Really, I did make a three course meal last Saturday! Though after the fettuccine with pesto and potatoes, we probably could have called it a night. But not this time!
I’ve gone with pork tenderloin a few times for these multi-course meals. It’s pretty easy to scale up for additional people, and you can supply most of the flavor by getting it marinading in advance. I like the way pork tenderloin absorbs the flavors of a marinade, making it an interesting culinary palette on which to work. I wound up serving the Spicy Lemon-Rosemary Pork Tenderloin based on the Food and Wine recipe. This recipe calls for a lot of garlic and a healthy dose of red pepper flakes along with the rosemary, giving it nice kick! I should also note that the pork took longer than the time indicated in the recipe. Check at their suggested time but know you might need an extra 10 minutes or more.

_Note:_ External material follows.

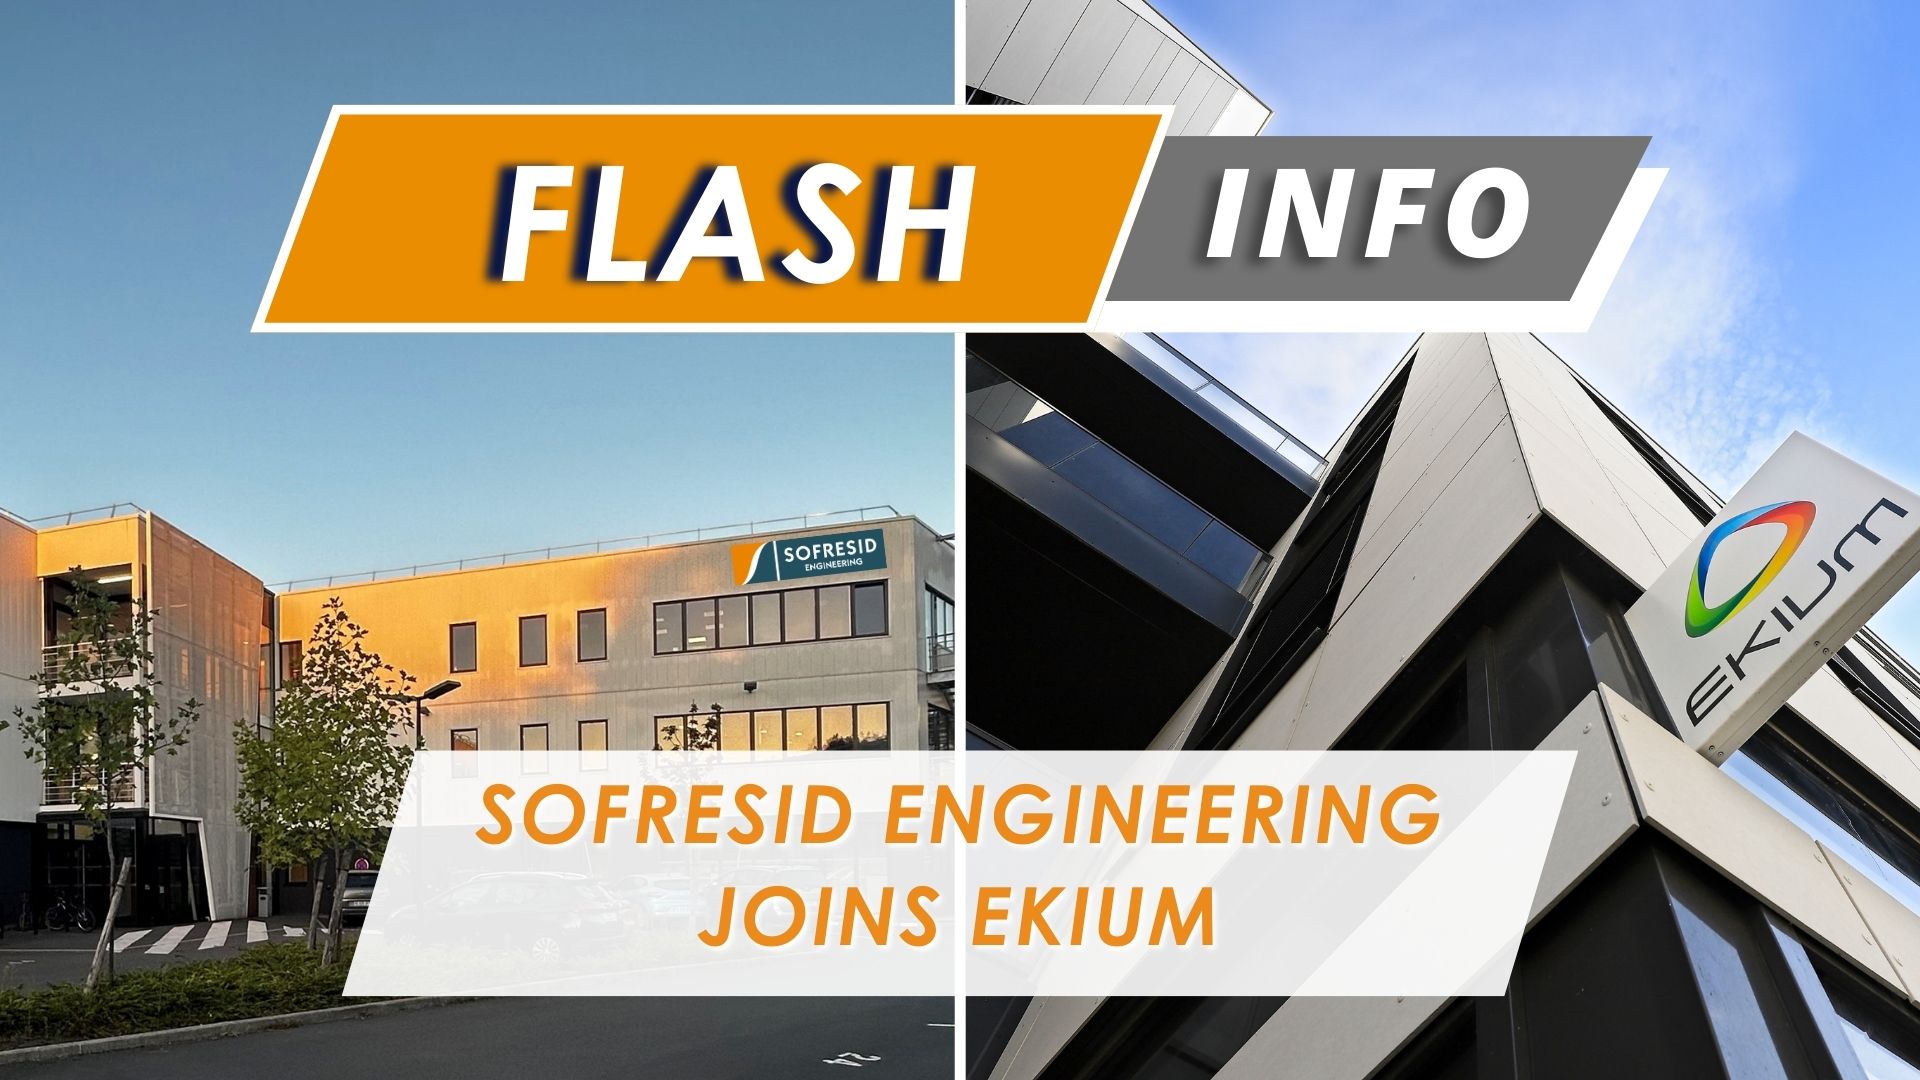 Sofresid Engineering joins Ekium

Speaking of kick, that gave me a good excuse to make one of my favorite side dishes, Sweet Potatoes Mashed with Cumin Sage Butter. This has been a big hit every time I make it, often eliciting more comments than the meat I serve it with. The natural sweetness of the potatoes is offset nicely by the spices in the butter.
The wine recommendation that came with the recipe was for a “peppery Syrah” which seemed like sound advice. Ray Schaefer of Pairings Wine and Food provided a number of suggestions in this department. We continued the experimentation with this course, providing two very different Syrahs for people to try and choose for themselves.
First, there was the Old World 2006 Le Reve de Marine Sablet Rouge from Domaine de Piaugier, a Cotes du Rhone Villages, then the 2009 Stolpman Estate Grown Santa Ynez Syrah. As one might expect, the Cotes du Rhones was more subdued and nuanced, and the Stolpman was powerful and very fruit forward. I’d definitely say I’d prefer the Stolpman to drink by itself, but the Cotes du Rhones definitely had its advocates at the table, at least in terms of how well it match the dish. Perhaps it’s the diplomat in me, I’d call it a draw between these two wines, but I suspect some of the guests might have a stronger opinion.
Well, that completed the official three course meal I’d promised. But there was still wine left, and some desserts provided by the Fransons. Not much note taking at that point of the evening though, so there won’t be separate post on that! But I will do an overview and provide some tips on putting together a meal like this.